The great problem with DIBs, apparent from the earliest observations, was that their central wavelengths did not correspond with any known spectral lines of any ion or molecule, and so the material which was responsible for the absorption could not be identified. A large number of theories were advanced as the number of known DIBs grew, and determining the nature of the absorbing material (the 'carrier') became a crucial problem in astrophysics.

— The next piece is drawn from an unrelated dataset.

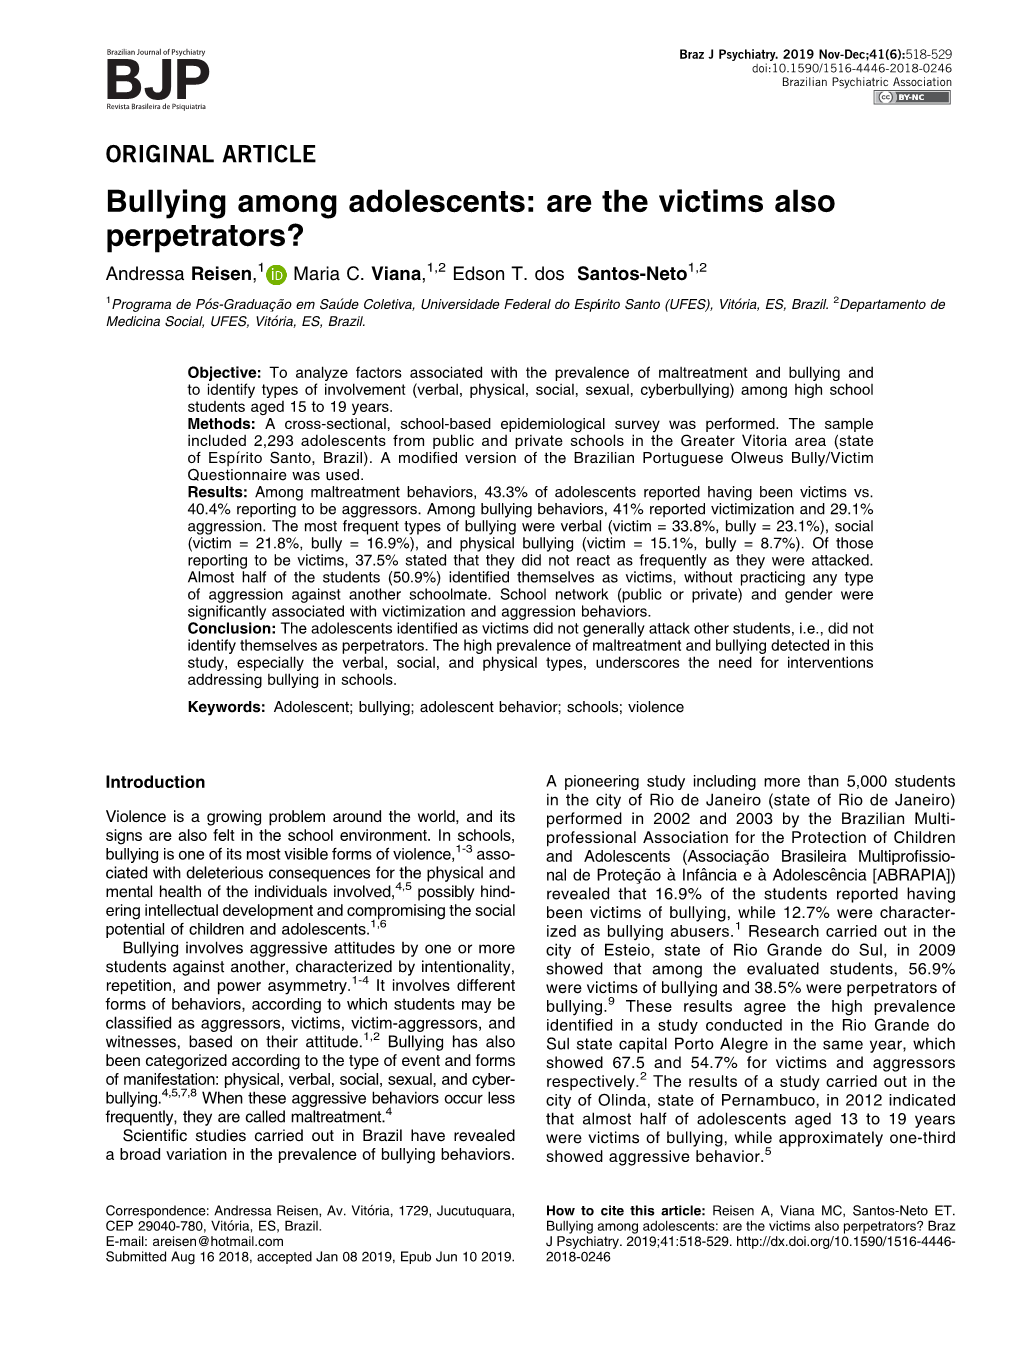 Bullying Among Adolescents: Are the Victims Also Perpetrators? Andressa Reisen,10000-0000-0000-0000 Maria C

One important observational result is that the strengths of most DIBs are not correlated with each other. This means that there must be many carriers, rather than one carrier responsible for all DIBs. Also significant is that the strength of DIBs is broadly correlated with the extinction. Extinction is caused by dust in the interstellar medium, and so DIBs are likely to be also due to dust or something related to it.
The existence of sub-structure in DIBs supports the idea that they are caused by molecules. In a molecule containing, say, three carbon atoms, some of the carbon will be in the form of the carbon-13 isotope, so that while most molecules will contain three carbon-12 atoms, some will contain two C12 atoms and one C13 atom, much less will contain one C12 and two C13s, and a very small fraction will contain three C13 molecules. Each of these forms of the molecule will create an absorption line at a slightly different rest wavelength.
The most likely candidate molecules for producing DIBs are thought to be large carbon-bearing molecules, which are common in the interstellar medium. Polycyclic aromatic hydrocarbons, long carbon-chain molecules, and fullerenes are all potentially important. However, fully identifying the molecules responsible for each DIB is still very much a work in progress.